Abstractions provided by DEN-ng

- Entities vs. the Roles that they take on
- Reusing Patterns independent of Domain (i.e. Product, Service, Resource)
- Capabilities to abstract functionality vs. an individual function or a set of functions
- Physical Resource vs. Logical Resource
- Customer Facing Services vs. Resource Facing Services
- Structural Representation of a Policy Rule vs. Content Definition of a PolicyRule

Fundamental Patterns

Composite-Atomic Pattern builds Hierarchies using Atomic and Composite Subclasses, analogous to File System Structures
Role Pattern separates Concerns by differentiating Characteristics and Behaviour of an Entity, and Functionality that an Entity can assume and allowing for additional roles without structural changes to the model

Design - ADS

Architectural Artifacts for Distributed Systems

• Integrates Management with System Design and Specification
• Offers a Set of Concepts and Tools that help to develop Autonomic Management Systems
• In short, ADS is about an specific Architecture, a Design Model, a number of Domain Specific Languages and Tools for Editing Specifications and generate structured Text (i.e. code)
• Defines three fundamental Artefacts: Element (Unit of Deployment), Contract (Unit of Interoperability) and Policy (Unit of Governance)
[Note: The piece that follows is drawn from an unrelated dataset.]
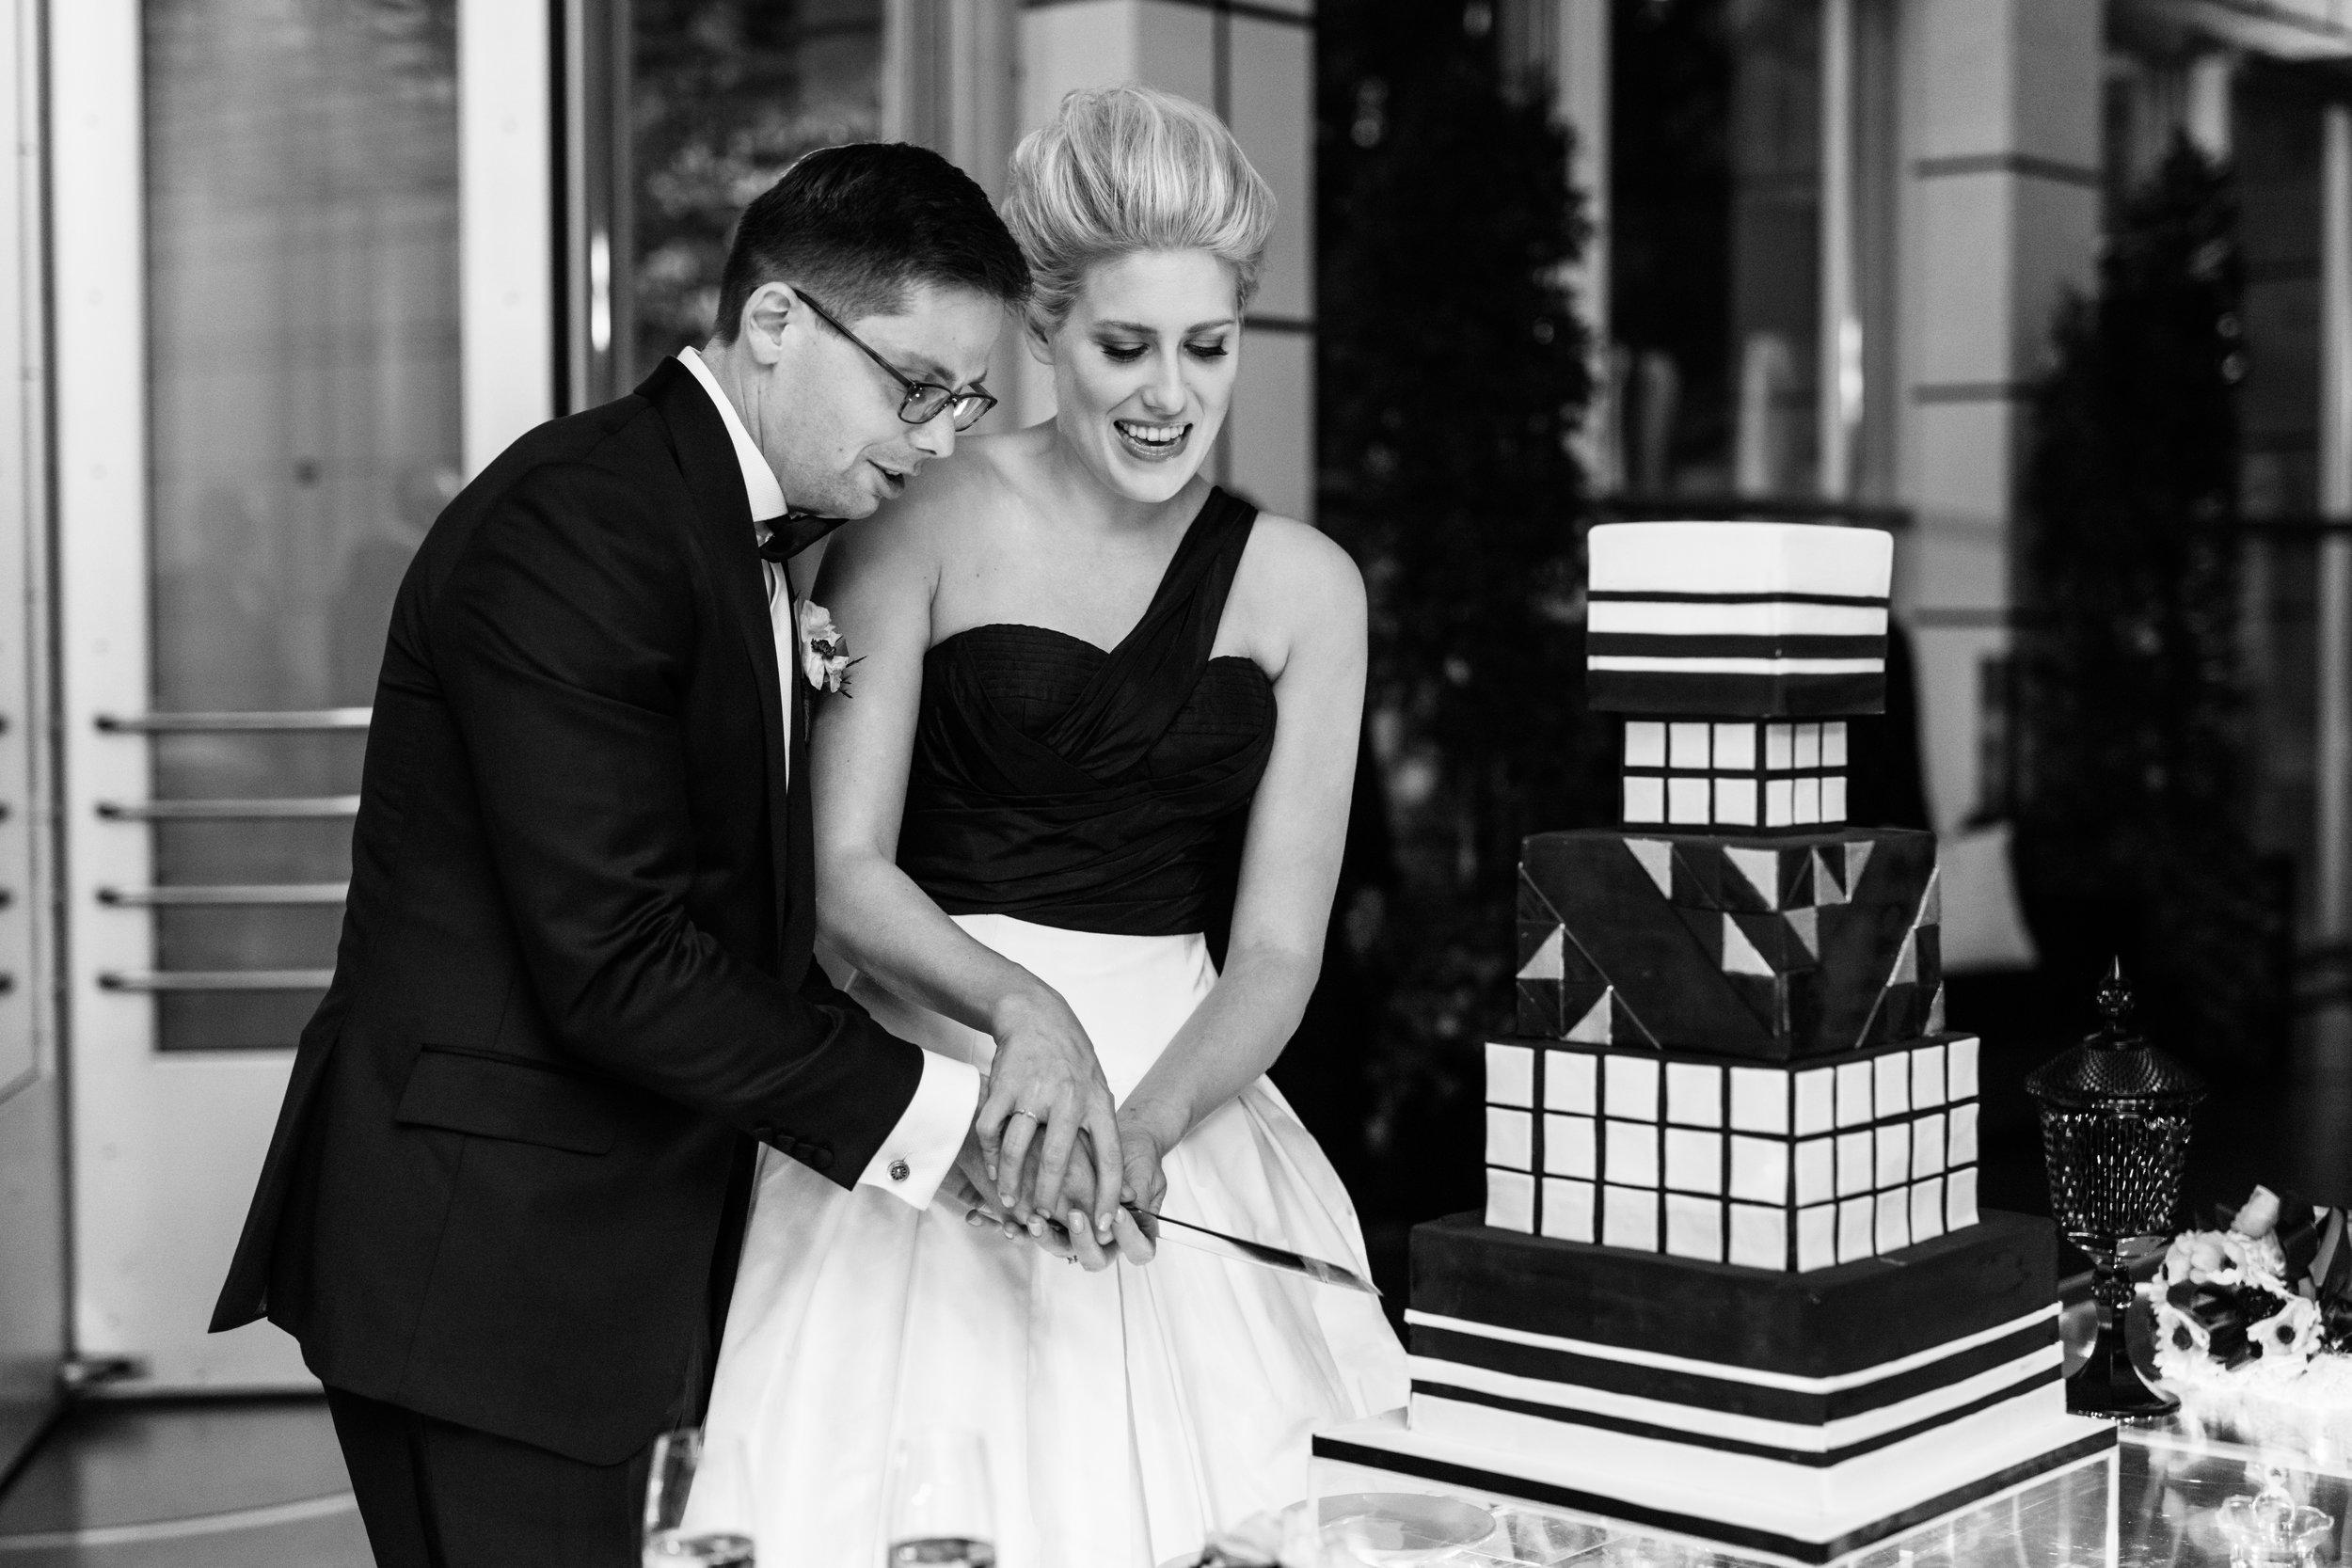 Cake cutting at Weddings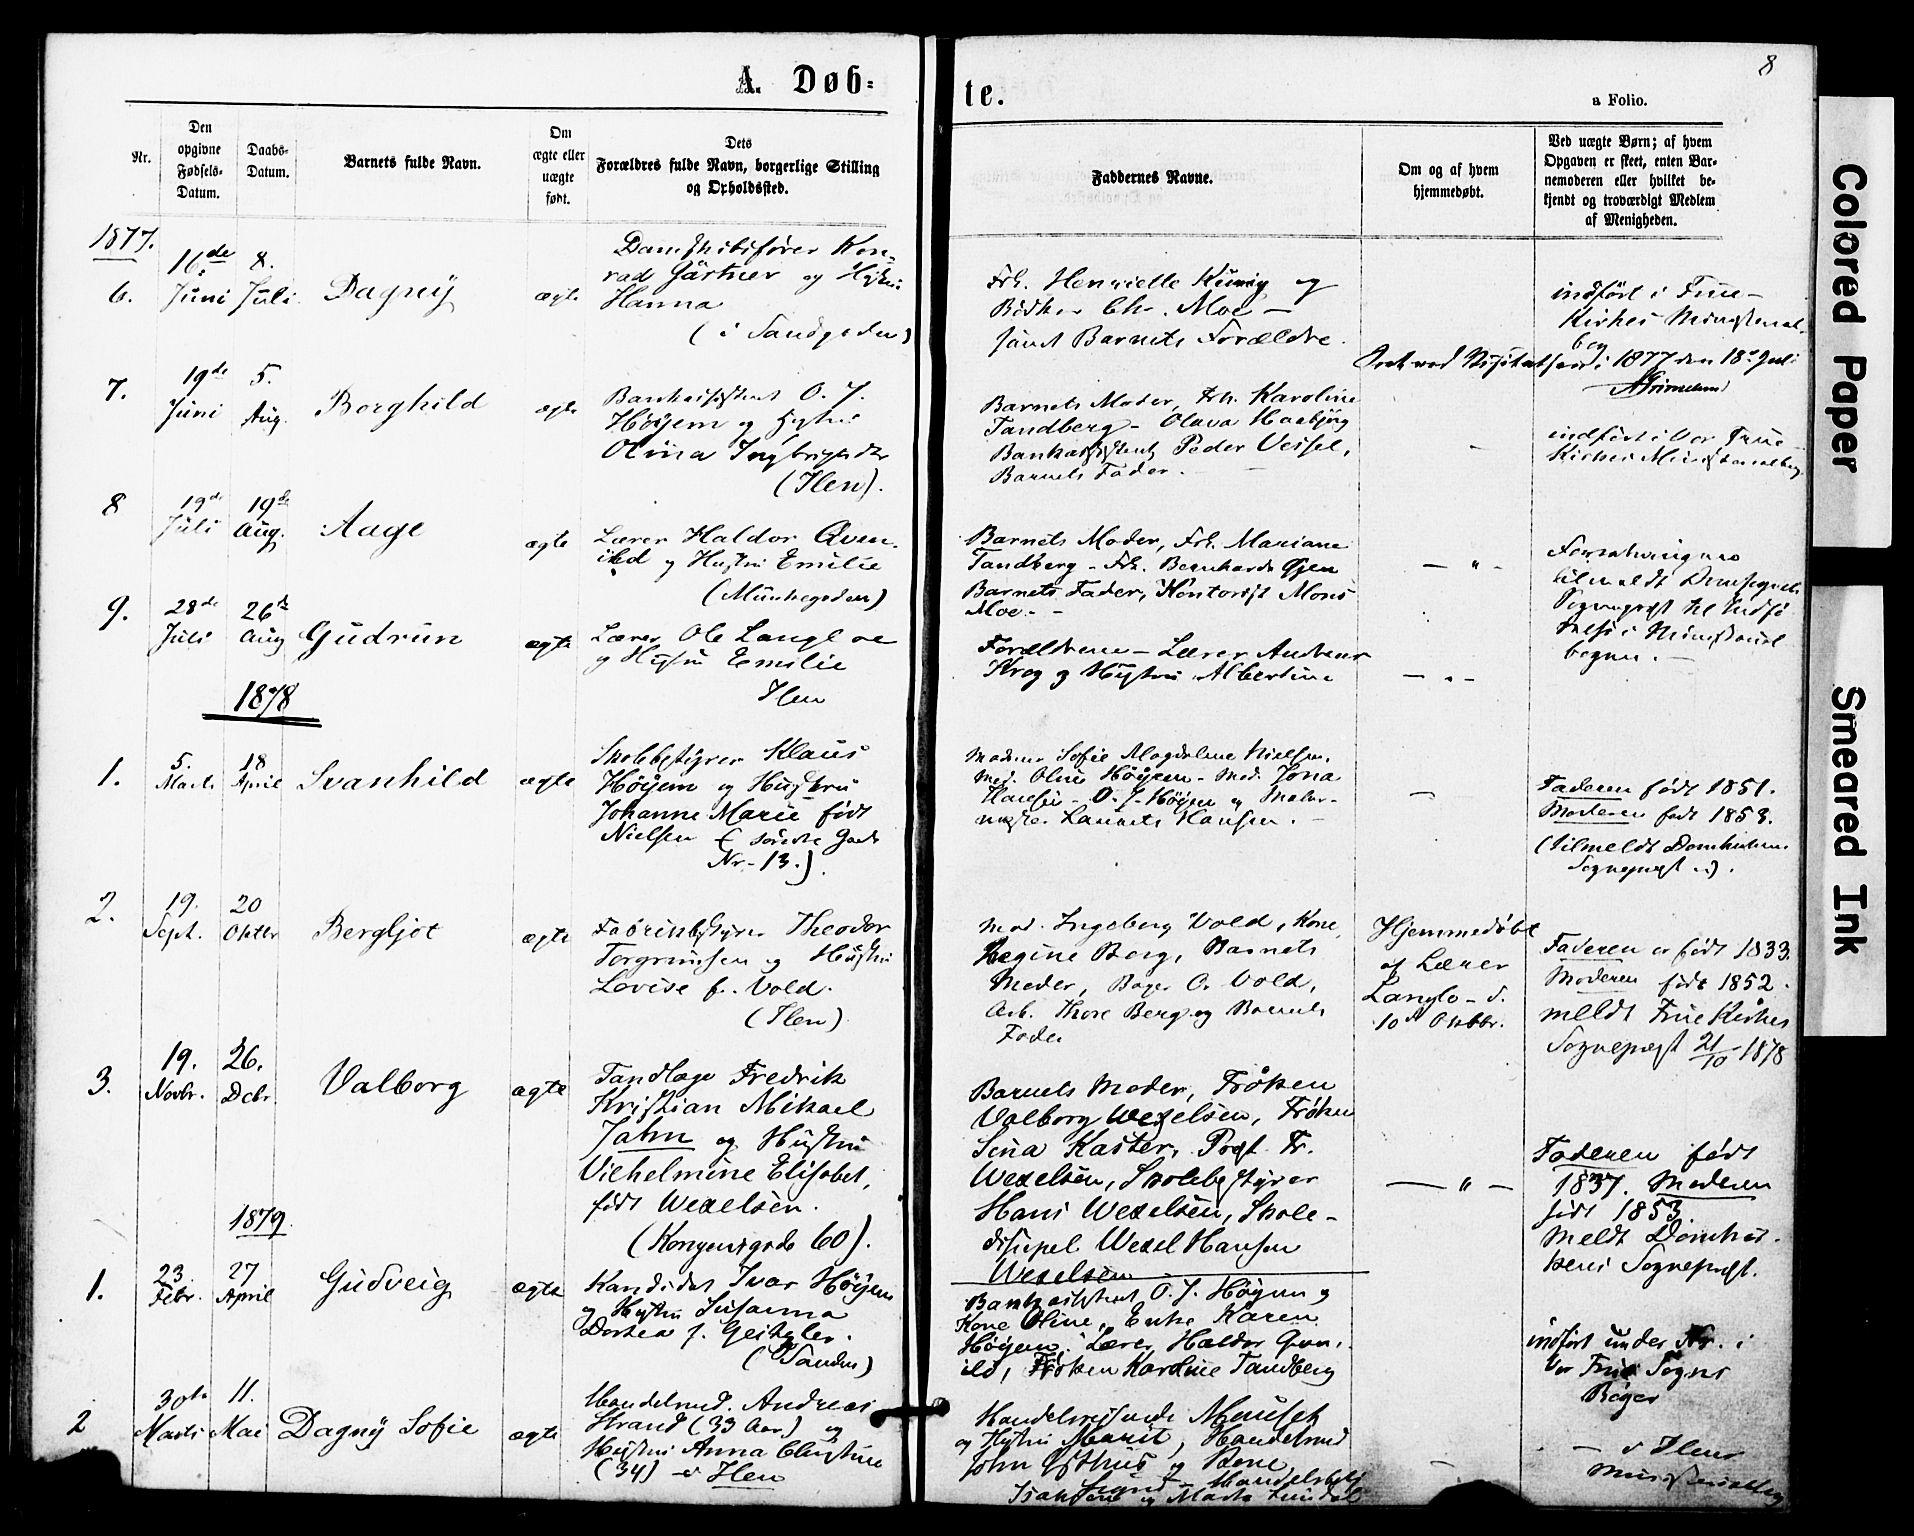 SAT, Ministerialprotokoller, klokkerbøker og fødselsregistre - Sør-Trøndelag, 623/L0469: Ministerialbok nr. 623A03, 1868-1883, s. 8

Element as the Contractually defined Unit of Deployment

Combination of two distinct Perspectives (abstract) Architectural abstraction (expressing design rules) and Implementation (deployable package)
Composition of Functionality depending on Domains (group Elements for Administration), Facilitiy (coherent Set of functional Capabilities of an Element) and Contracts (Interoperability of Functionality)
Categorised as domain-specific service or general (platform) service
Must be independently manageable or self-managed
requires/provides Facilities, a coherent Set of functional Capabilities in Form of Signatures (Operations and Set of Terminations)

Contracts

Combines Business perspective with Design, Development and Deployment aspects
Defines how Functionality can or must be accesse and documents Obligations and Benefits
Fundamental to understand a Software System, becuse analysis with Contract Specifications and Instantiation can answer important Questions, such as: Is Software Artifact Y similar/comparable/related to Software Artifact X? Are there duplicate Software Artifacts in the Solution/Application? What is the Impact of one Software Artifact on another? What are current Dependencies (directly/indirectly) between Software Architects? What Instances are related to each other ('how', 'why')? What Software Artifacts represent a Compostions? What Software Artifacts are 'composable'?